One of my favorite books of all time is The 8th Habit by Steven Covey.

It changed the course of my business and life.

First, let’s recap his preceding epic work:

Stephen Covey’s Seven Habits of Highly Effective People has (imagine this) 7 habits that you need to know and put into practice.

Habit 1 – be proactive

This is the ability to control one’s environment, rather than have it control you, as is so often the case. Self-determination, choice, and the power to decide response to stimulus, conditions and circumstances

Habit 2 – begin with the end in mind

Covey calls this the habit of personal leadership – leading oneself that is, towards what you consider your aims. By developing the habit of concentrating on relevant activities you will build a platform to avoid distractions and become more productive and successful.

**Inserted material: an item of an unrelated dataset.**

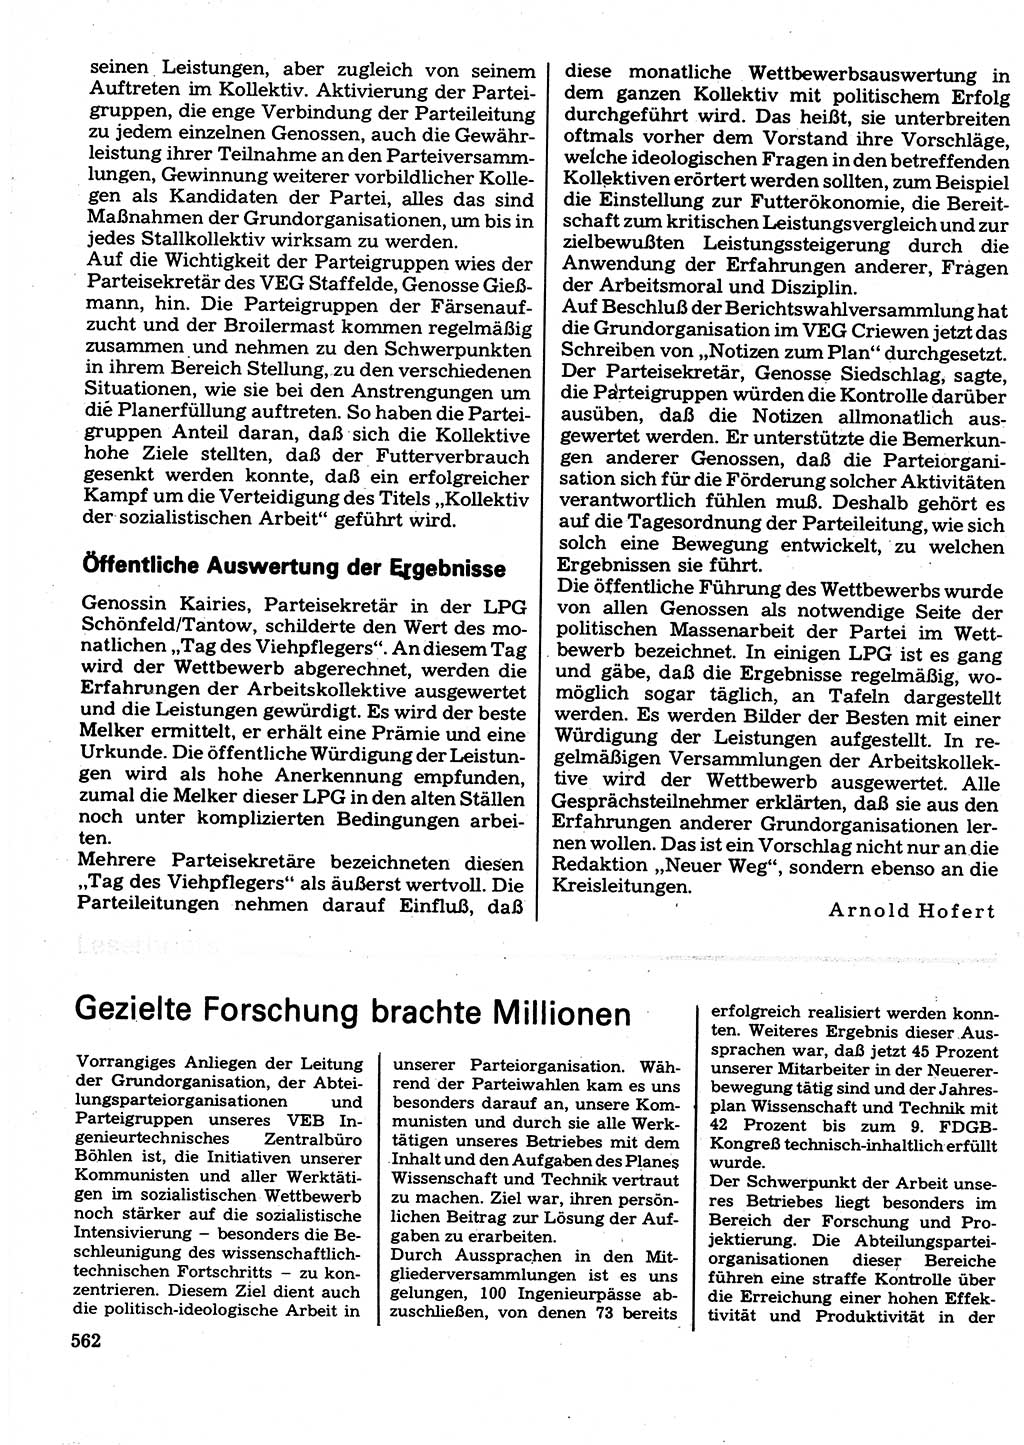 Neuer Weg (NW), Organ des Zentralkomitees (ZK) der SED (Sozialistische Einheitspartei Deutschlands) für Fragen des Parteilebens, 32. Jahrgang [Deutsche Demokratische Republik (DDR)] 1977, Seite 562 (NW ZK SED DDR 1977, S. 562)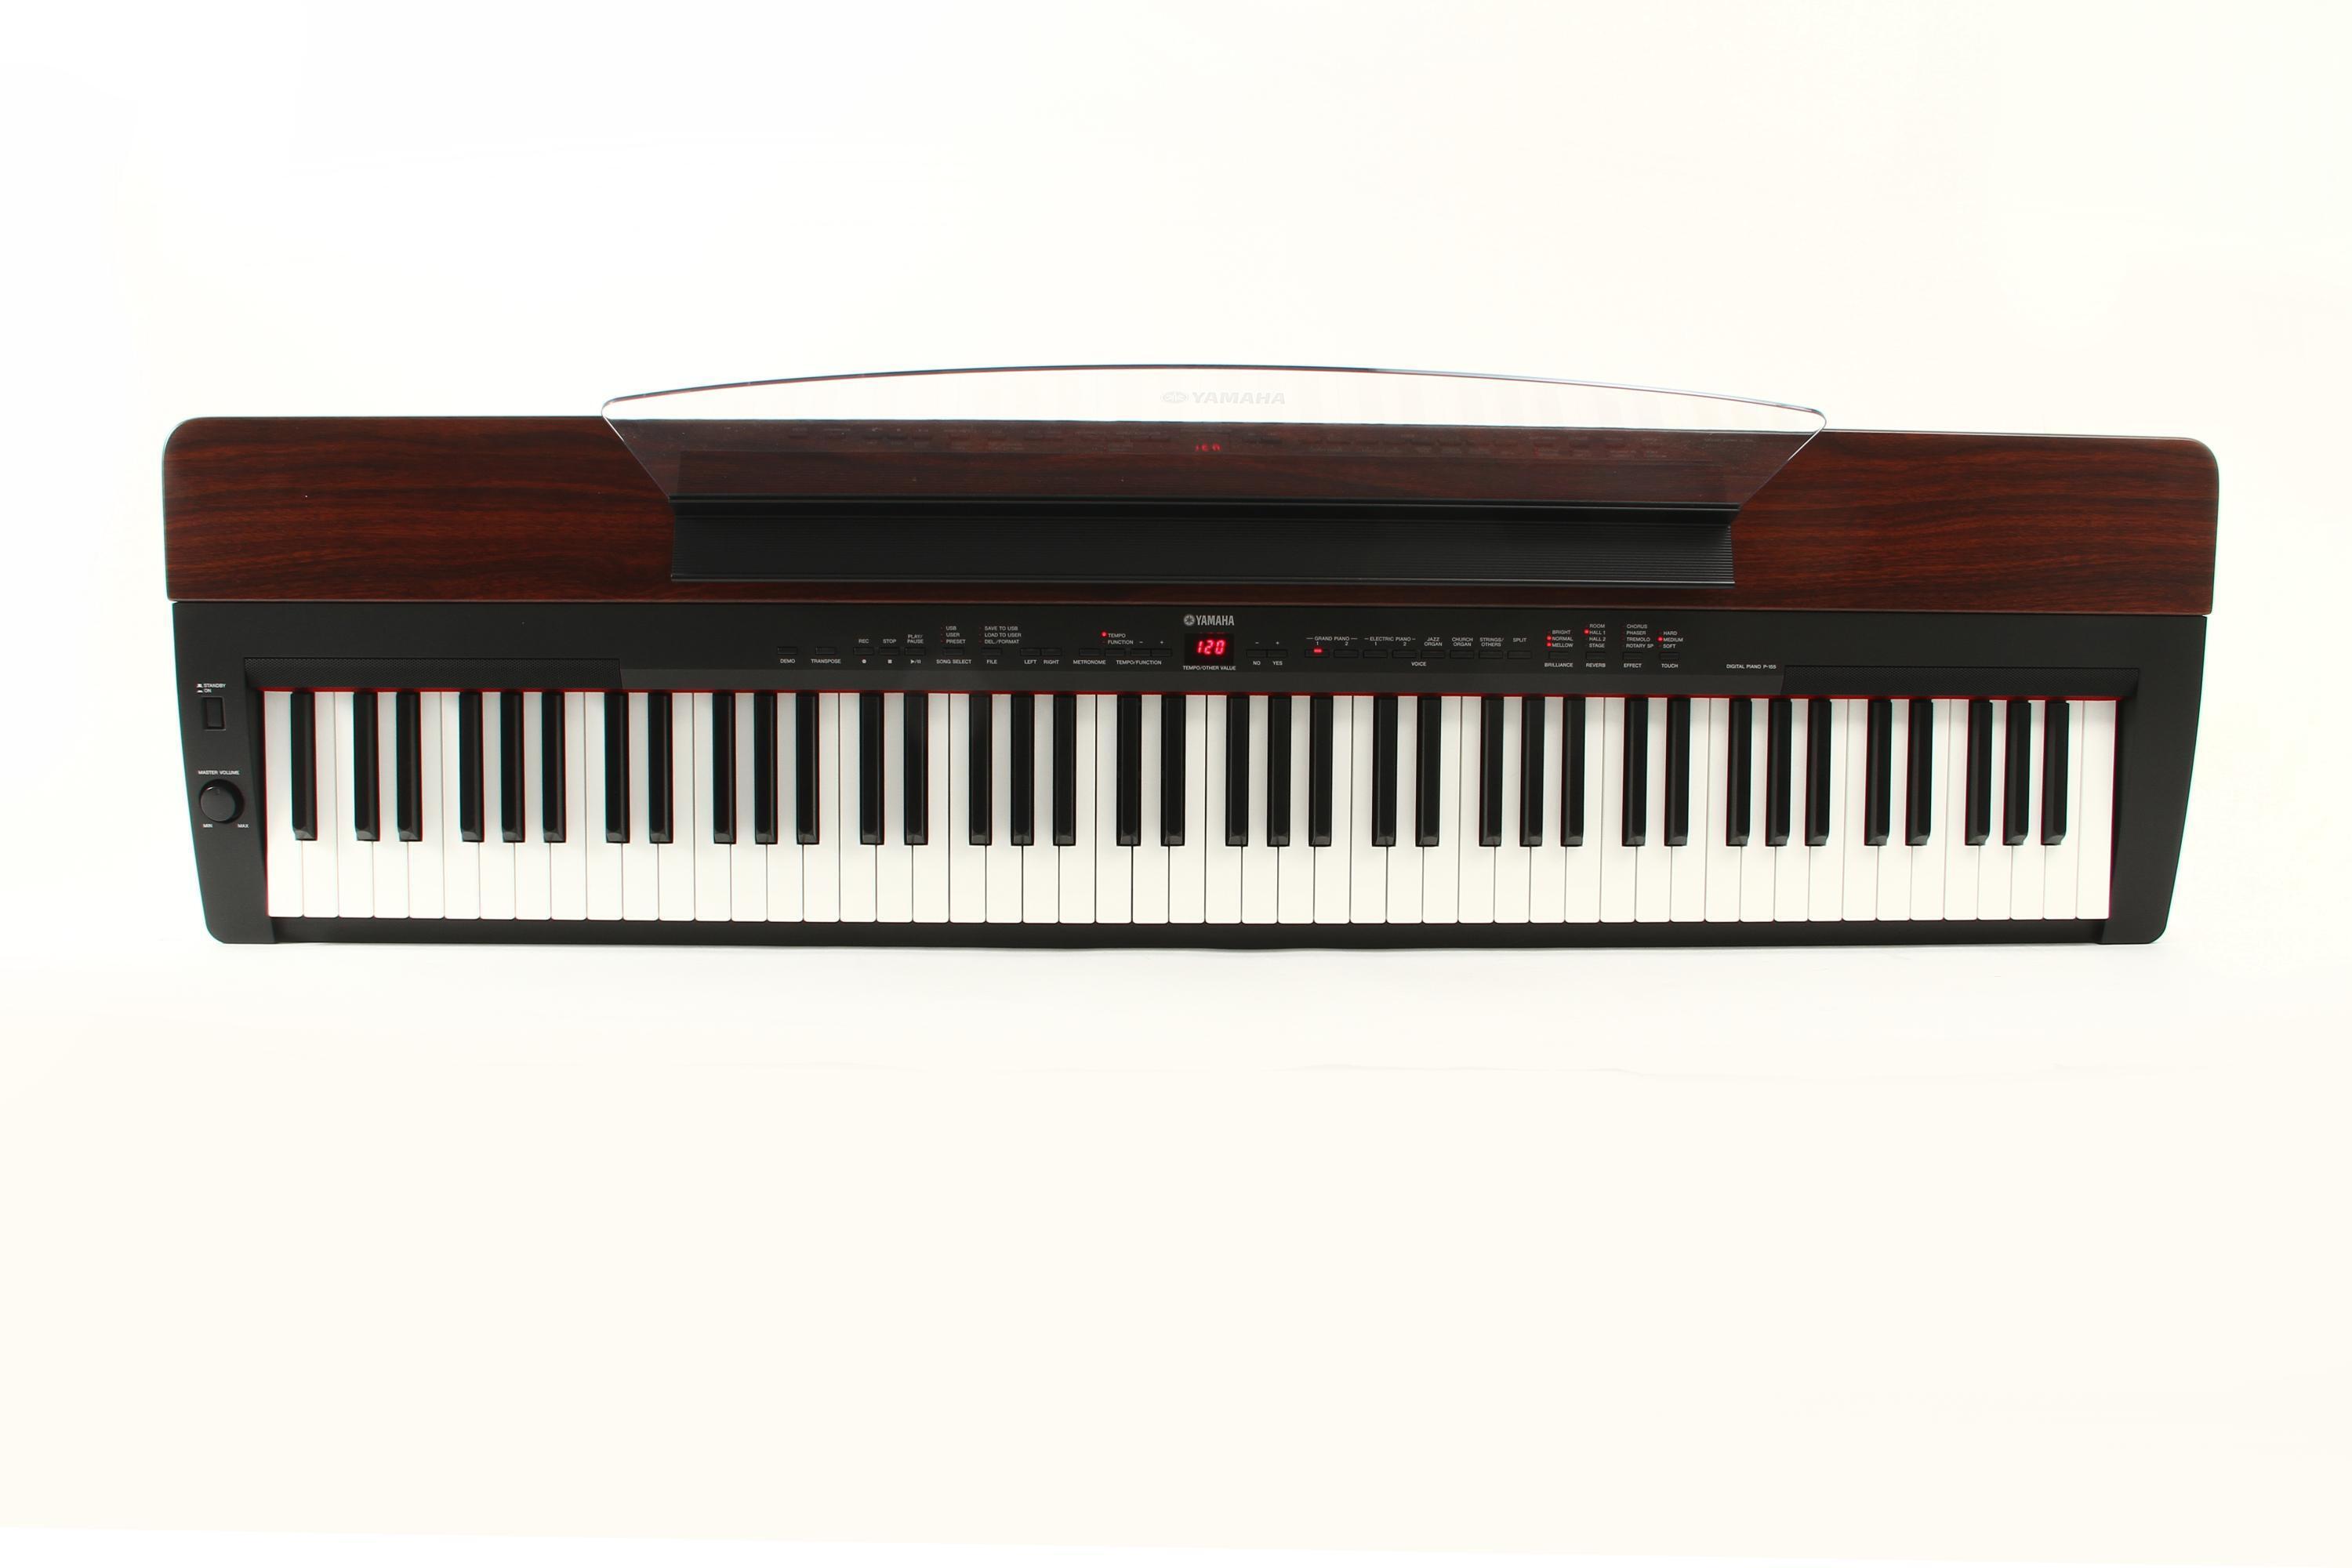 YAMAHAヤマハ 電子ピアノ P-155 2010年 - 鍵盤楽器、ピアノ

Habit 3 – put first things first

Covey calls this the habit of personal management. This is about organizing and implementing activities in line with the aims established in habit 2. Covey says that habit 2 is the first, or mental creation; habit 3 is the second, or physical creation.

Habit 4 – think win-win

Covey calls this the habit of interpersonal leadership, necessary because achievements are largely dependent on co-operative efforts with others. He says that win-win is based on the assumption that there is plenty for everyone, and that success follows a co-operative approach more naturally than the confrontation of win-or-lose.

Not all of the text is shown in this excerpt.